Article | - 4:49 pm
During the radio program The Love School Answers, Mariana, who lives in Brazil, sought advice from professors Renato and Cristiane Cardoso. She explained that she has been having a tough time with her stepfather, who doesn’t want her living in their home. Her fiancé, currently unemployed and living in another state, suggested that she move in with his mother to escape the situation, but Mariana is hesitant about this option.
MARIANA—I’m going through a very difficult time because my stepfather doesn’t like me and doesn’t want me in the house. My fiancé, who is unemployed right now, wants me to stay at his mother’s house, but I don’t want to. What should I do?
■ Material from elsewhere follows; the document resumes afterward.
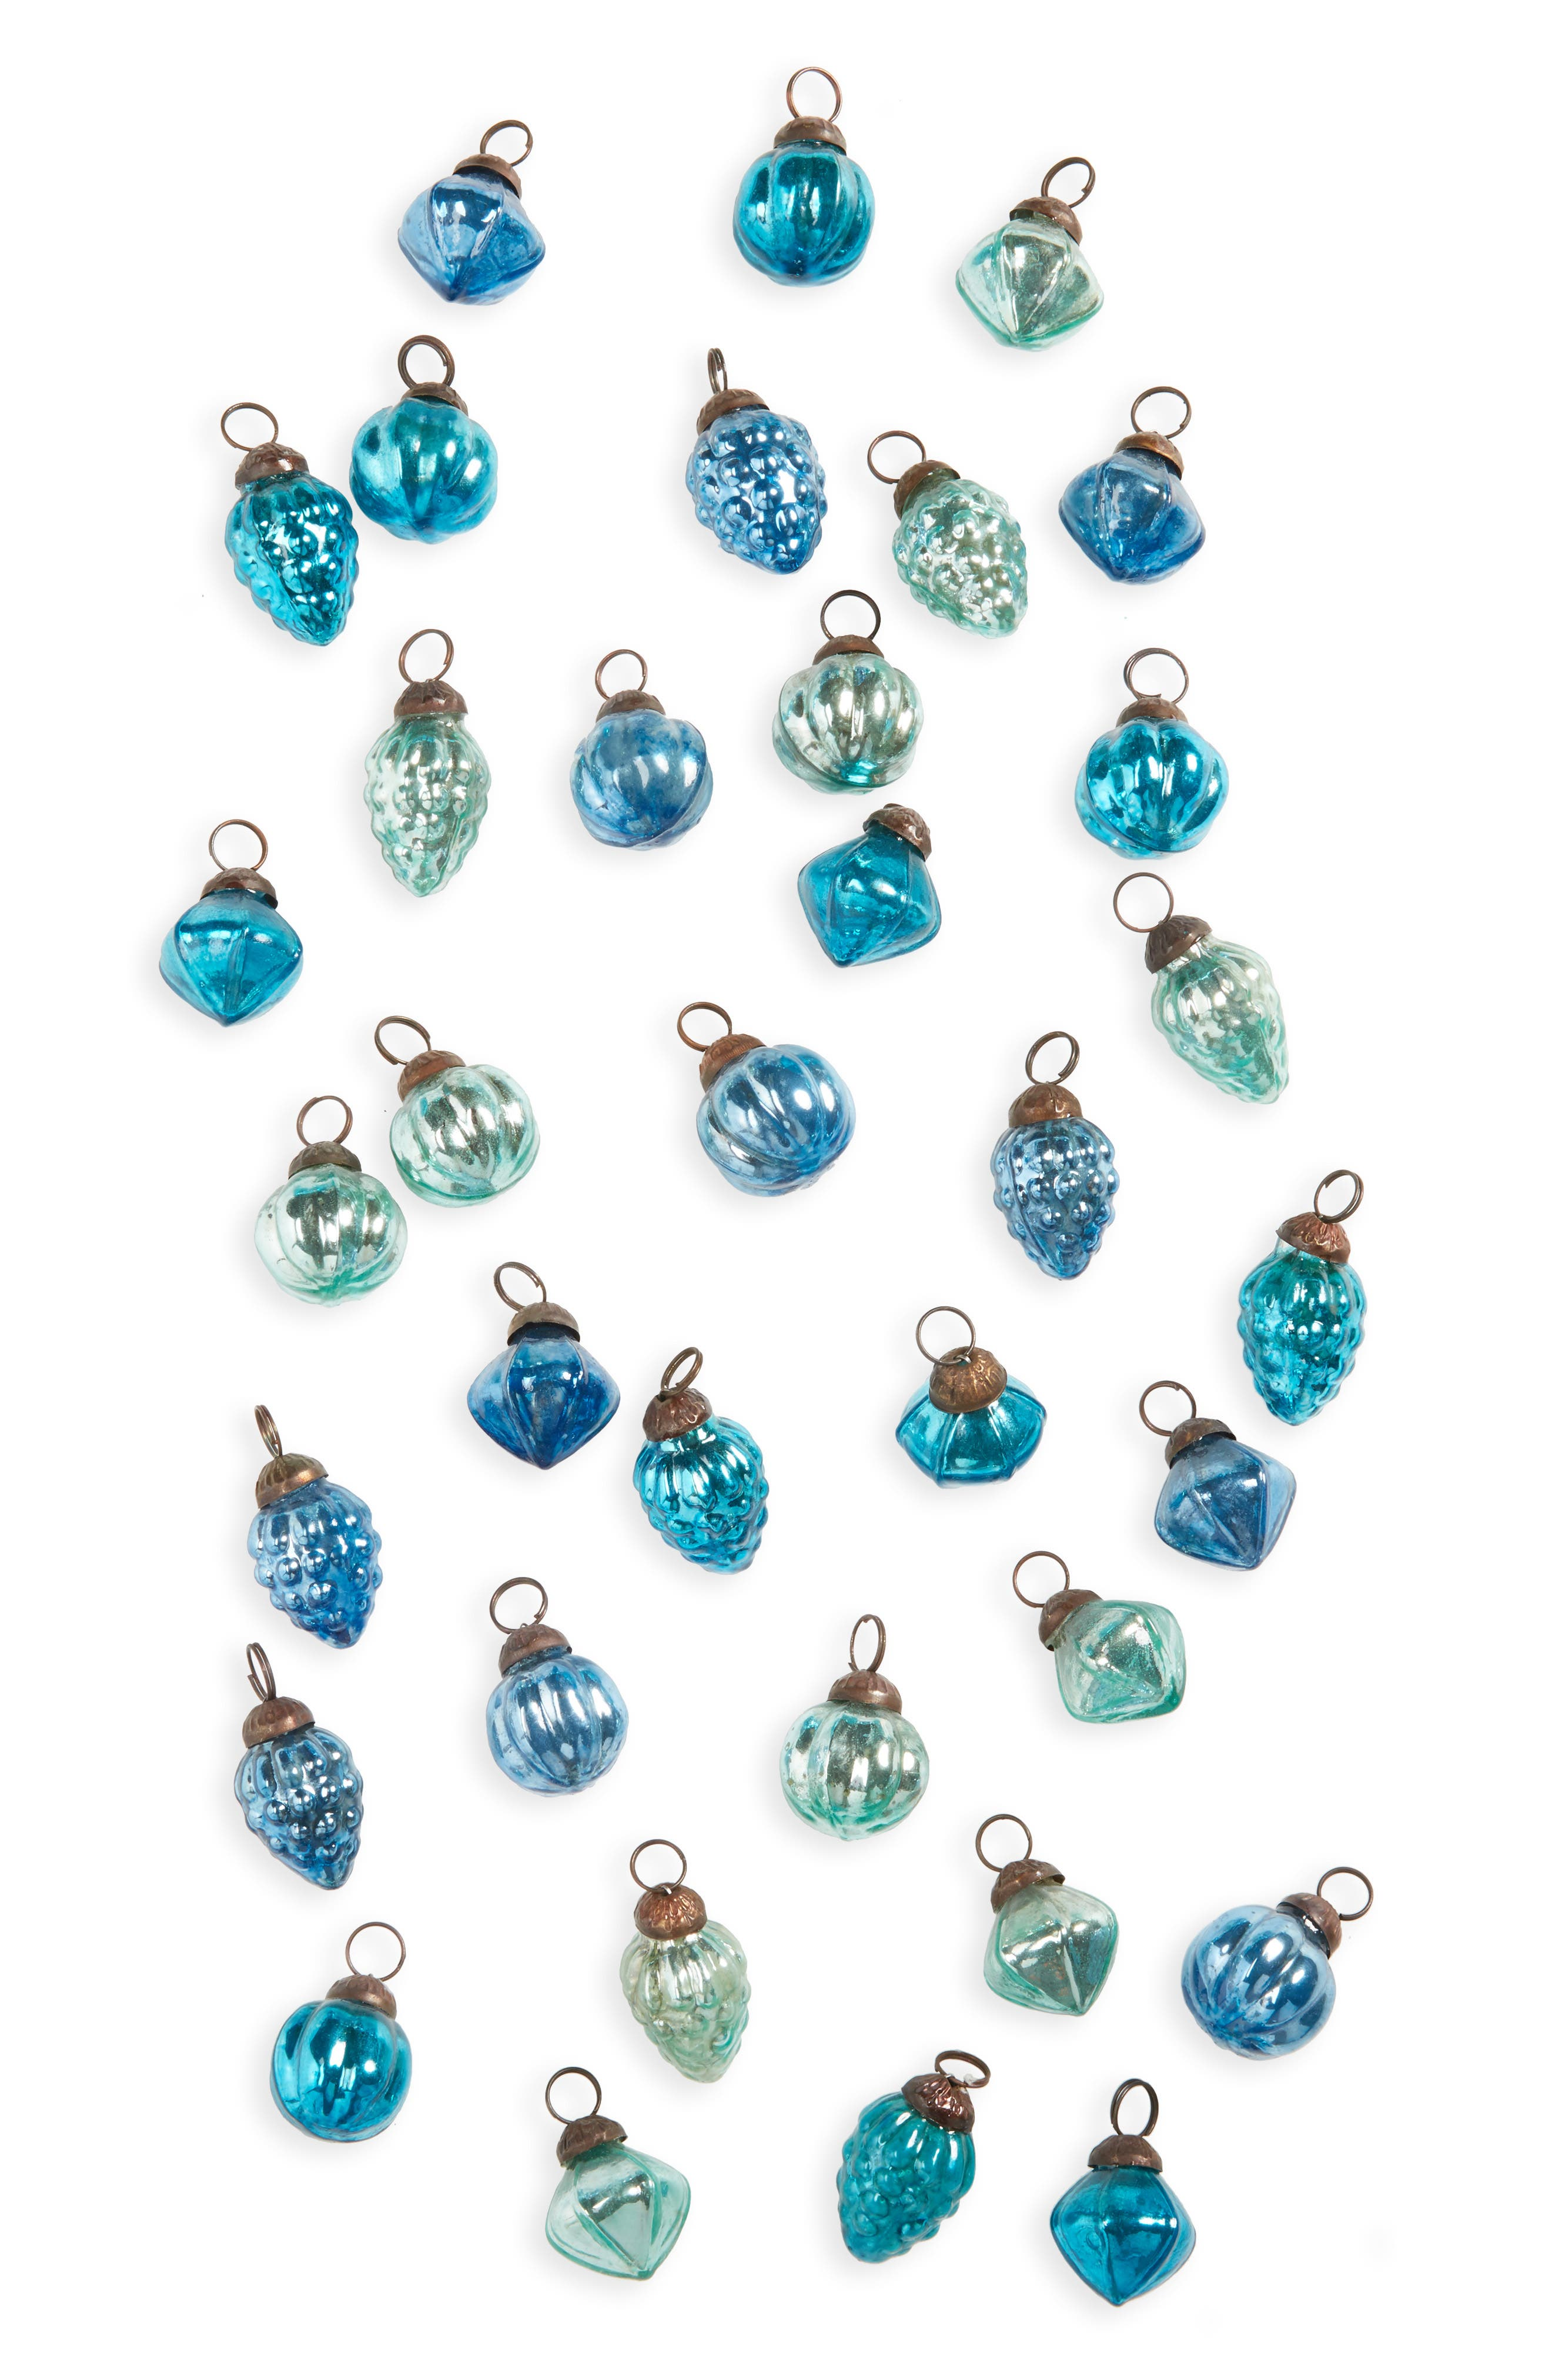 Creative Co-Op Set of 36 Mercury Glass Ornaments

RENATO—Let me be very clear: leaving your parents’ house is never a good reason to get married or to live with someone. Typically, the motivation is to escape a problem, and, as a result, the implications of such a decision are often overlooked. While moving in with your fiancé’s mother—and him—might seem like a good short-term solution, you need to consider that he is unemployed. Living together before marriage can lead to complacency; why would he feel the need to marry you if you’re already living together? Making this decision solely to escape your home situation is not conducive to your love life. You will leave one problem only to enter another. It’s essential to address the issues with your stepfather and your mother first.
CRISTIANE—Allowing your partner to “do you a favor” by giving you a place to stay can start your relationship on shaky ground. If your future involves marriage, he might later remind you that he took you in when you had nowhere else to go. This dynamic can be harmful because it may lead him to feel entitled to mistreat you or hold it over your head. Unfortunately, this is common among young women who seek to escape problems at home without realizing that they’re compromising their sense of agency. Consider that you would be leaving the only family support you have to live with someone else’s family, who will have their own rules. If you don’t accept their guidelines, where will you go? Don’t abandon your home! See if he loves you enough to say, “We care for each other, so I will work hard to find us our own place, and we’ll get married because I want you in my family.”
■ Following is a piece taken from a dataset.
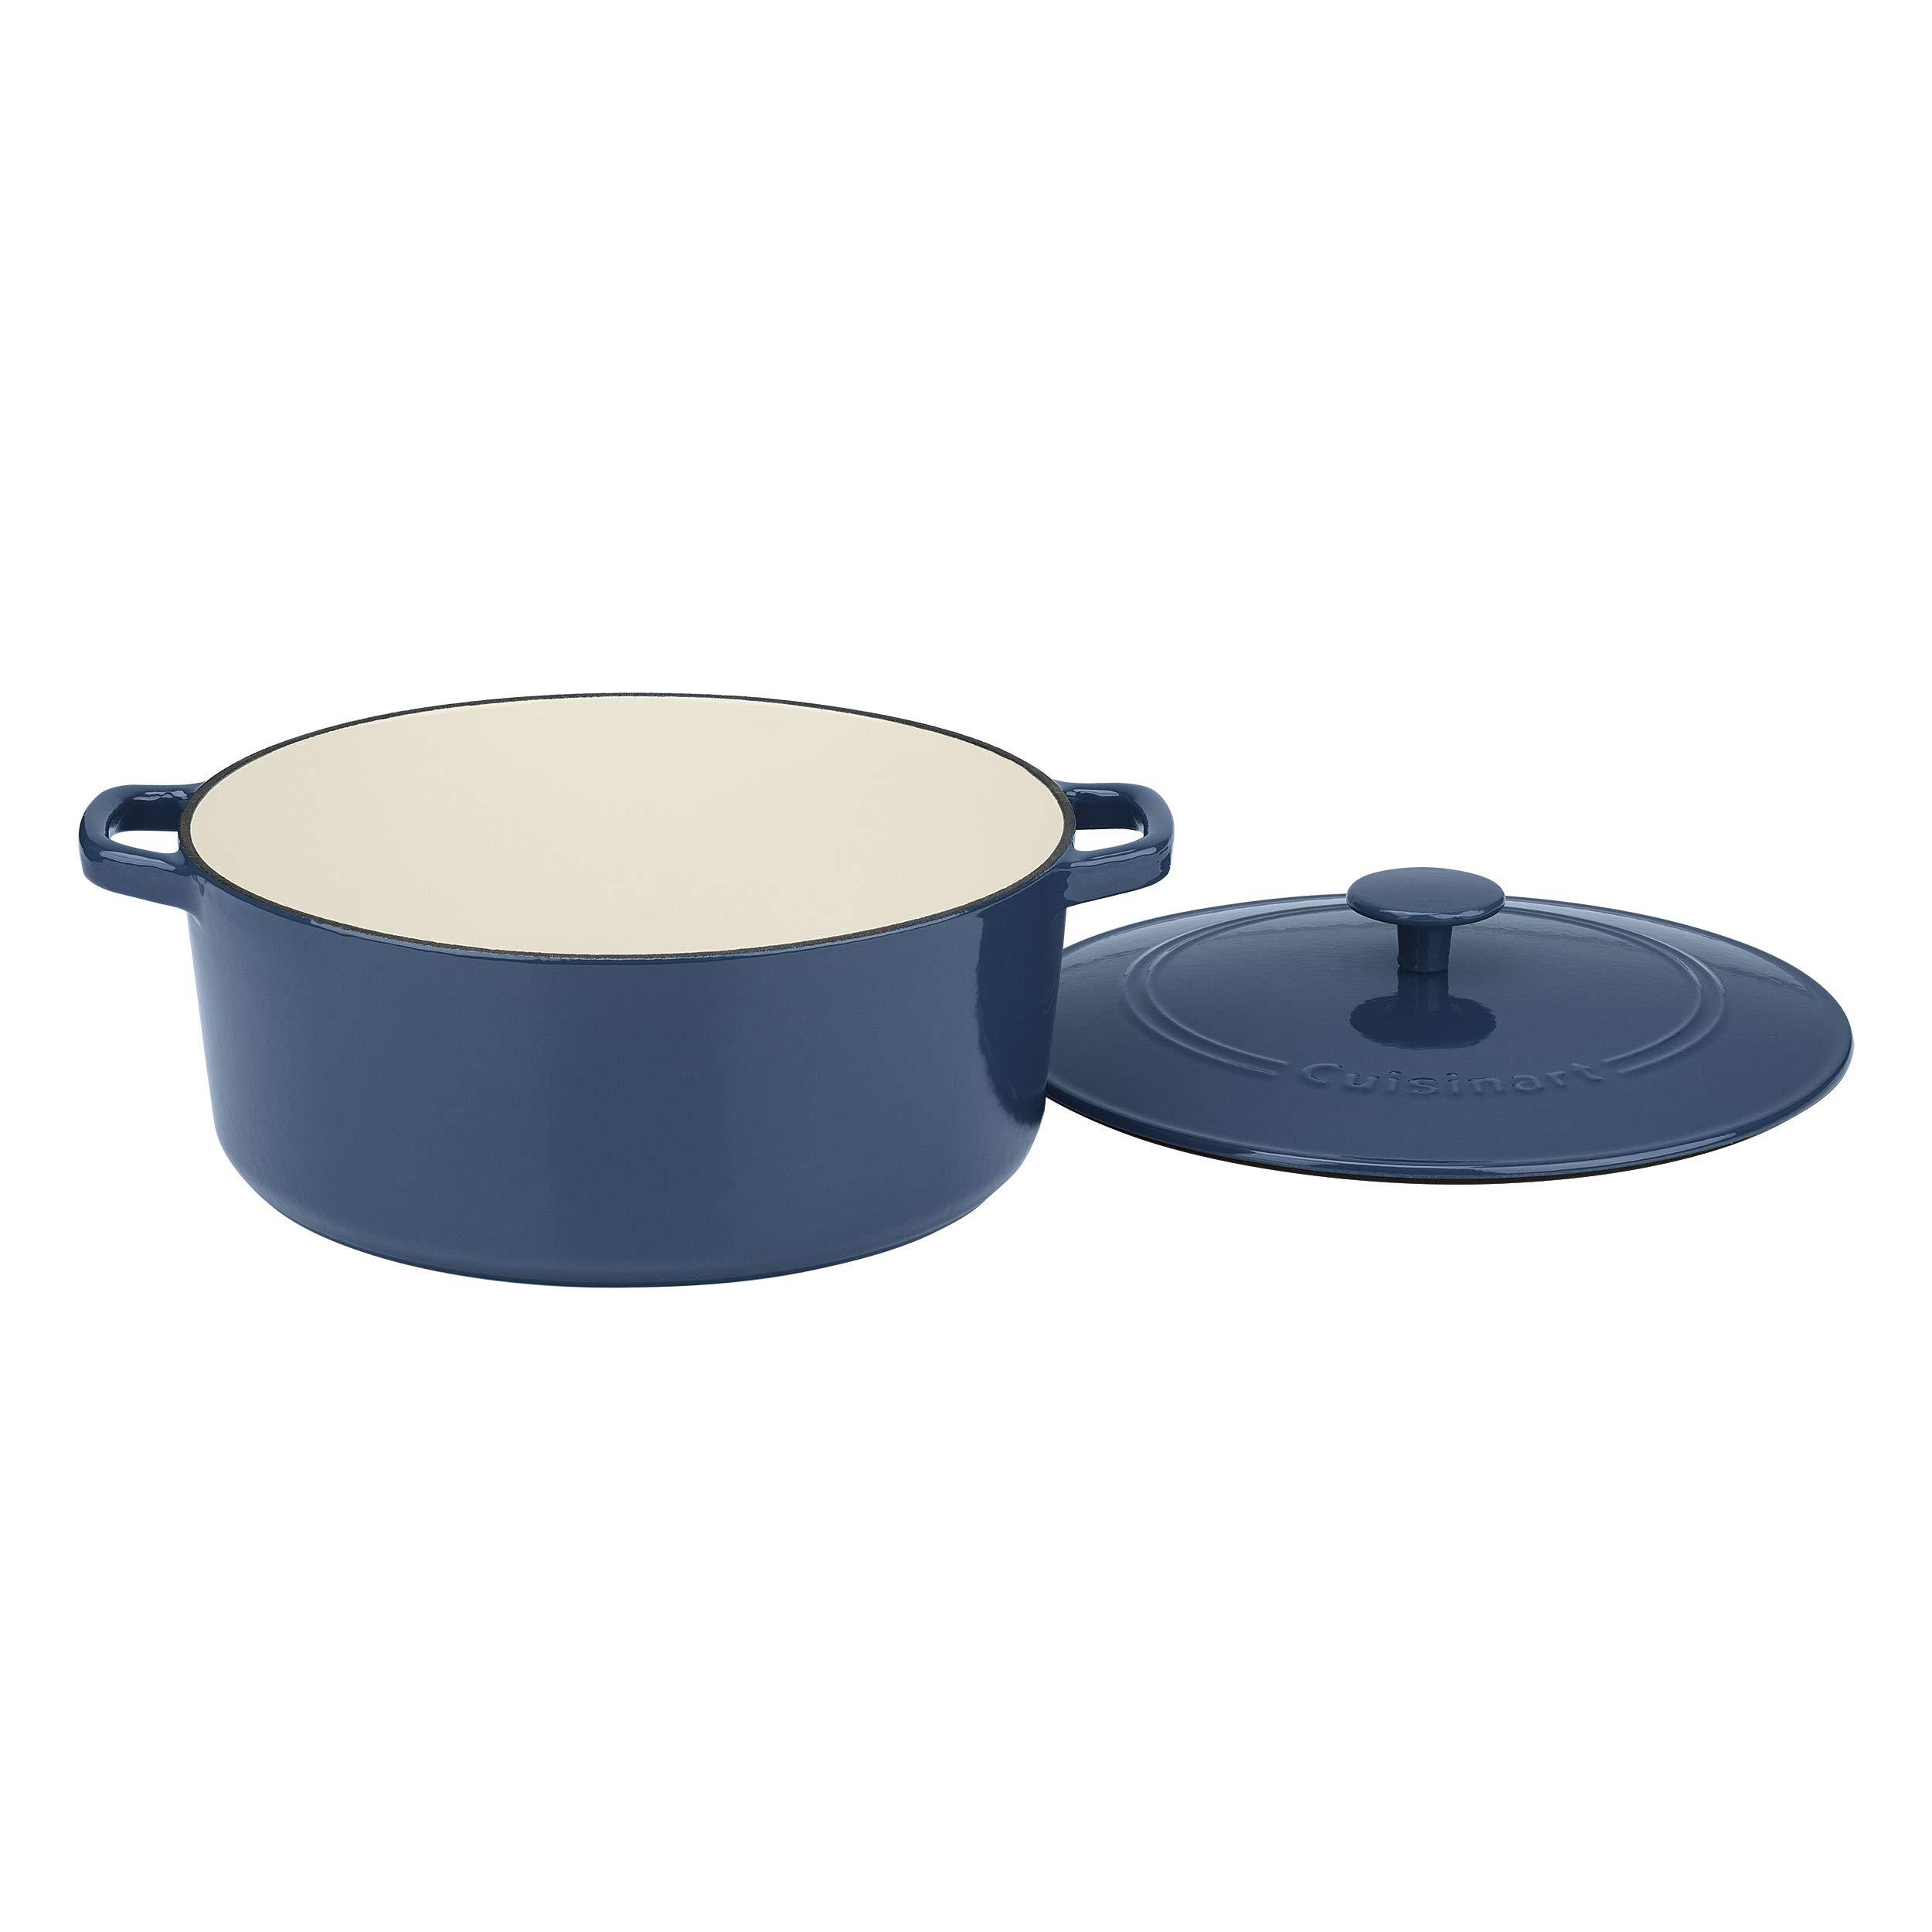 CUISINART CI30-23BG Chefs Classic Enameled Cast Iron 9-1//4 Square Grill Pan Provencal Blue

RENATO—Additionally, it’s essential to recognize that your challenges with your stepfather and potentially your mother involve relationship dynamics. If you can’t resolve these issues at home, that inability to manage domestic problems could carry over into your new relationship. While your mother-in-law might be a lovely person, most mothers prefer to maintain boundaries when it comes to their sons living with girlfriends. This can lead to resentment, criticism, and negative comments. How will you handle that? The best approach, Mariana, is to try to negotiate a peace agreement at home. If you are in an abusive situation with your family, however, consider finding a different place to stay until you sort out your marriage with him.